In addition to model based prediction, many data-driven techniques for RUL estimation
have been developed and applied to solve a lot of real problems. Cheng and Pecht [10] combine
the Multivariate State Estimation Technique (MSET) with life cycle damage prediction to
produce a method for RUL estimation. In this method, MSET algorithms monitor the
relationship between actual data and the expected data, which is based on the historic data
covering complete runs of the system. Based on this relationship, the cri- terion of the failure
of the system is set, based on which RUL can be estimated. Byington et al. [11] present a
data-driven method using a neuron network to predict the RUL. In this method, the health
state of the system is modeled using specific data features, which are used within a
classification environment to determine the true health state of the monitored system. A
prognostic function is used to store the classification and fused information during the whole
operating life of the system to estimate the remaining useful life under some specified bounds.

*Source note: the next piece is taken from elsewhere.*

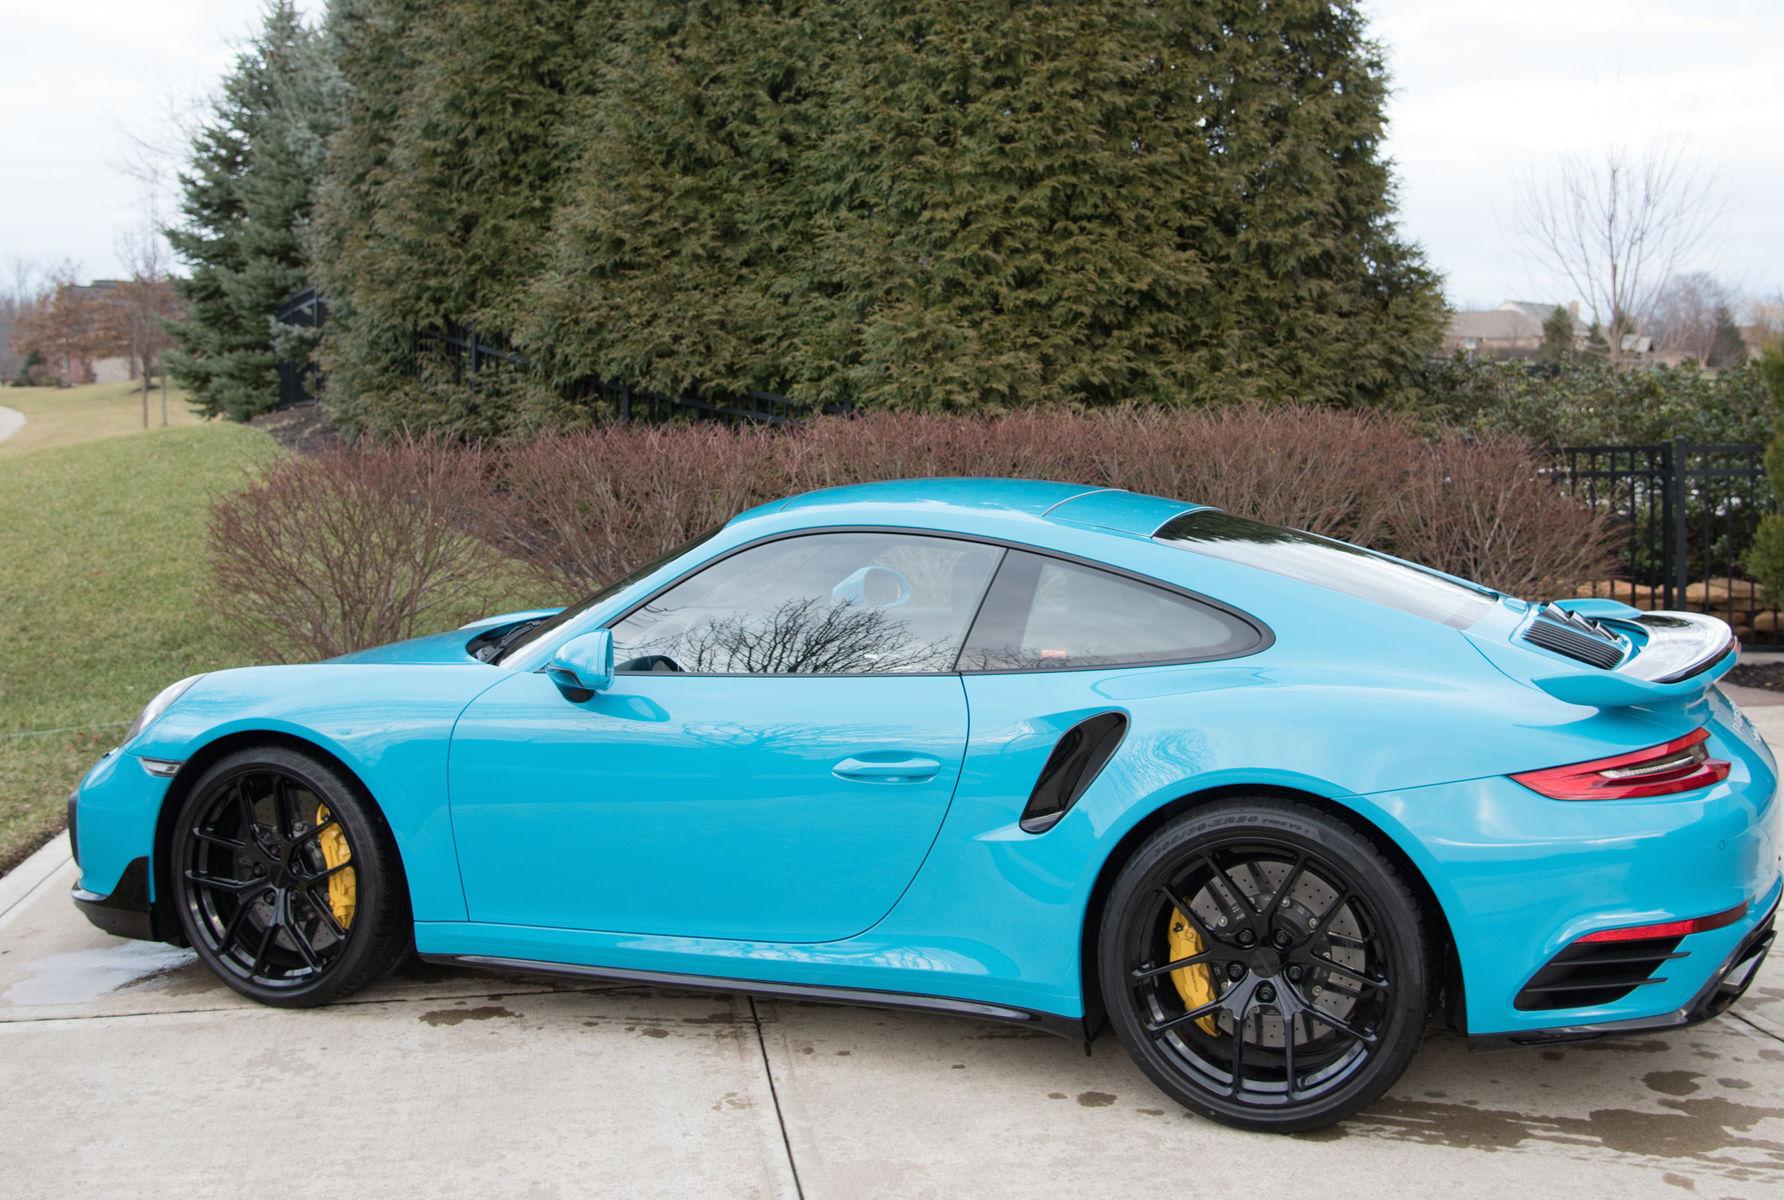 2017 Porsche 911 | Mike Martin's Maui Blue 991 Porsche 911 Turbo S on Forgeline One Piece Forged Monoblock VX1R Wheels

This method mainly relies on fault detection and failure prediction beyond the point of the
fault. Kavanagh et al. [12] develop a two-stage RUL estimation algorithm. First, they use the
envelop analysis for feature extraction, then the mutual information for feature subset
selection. Second, they develop a degradation model and locate the current position of the
machine in that model. The nearest neighbor classification algorithm is used to determine the
RUL of the machine. Lao et al. [13] design a two-layer neuron network (NN) to predict the
bearing’s RUL based on time-frequency features. The signal’s frequency spectrum and feature
extraction are first analyzed by DFT and PSD. The first layer of the network is used to identify
the bearing as one of three states: normal, unbalance failure, and other failures. The second
network layer is designed for RUL prediction using a continuous unipolar nonlinear function.
Liu et al. [14] improve the efficiency of NN based prediction method by using data clustering.
In their method, the data are classified into small clusters, having similar data. The clustering
algorithm being used is fuzzy C-means. Data in each cluster then are used to train
corresponding NN for prediction. The input data is first judged to be in one of defined cluster,
then desired information (system state, RUL, ...) is predicted by corresponding NN.
In summary, RUL prediction based on knowledge about damage progressions and failure
criteria is more commonly used in research fields. However, due to difficulties in determining
the definitions of the damage of the system as well as the stopping criterion, this prediction
method is not very useful in some of the problems that require data analysis on available
run-to-failure data. In many dynamic engineering systems, the faults that shorten the life time
of the system are not always the same in all cases. This leads to variations in determining the
damage propagation as well as the stopping condition of the system. In this case, modifications
applied on some data-driven prognosis techniques can be done to solve specific problems. In
this research, three data-driven RUL prediction approaches are investigated based on
similarity search algorithms covering both centralized and decentralized data processing.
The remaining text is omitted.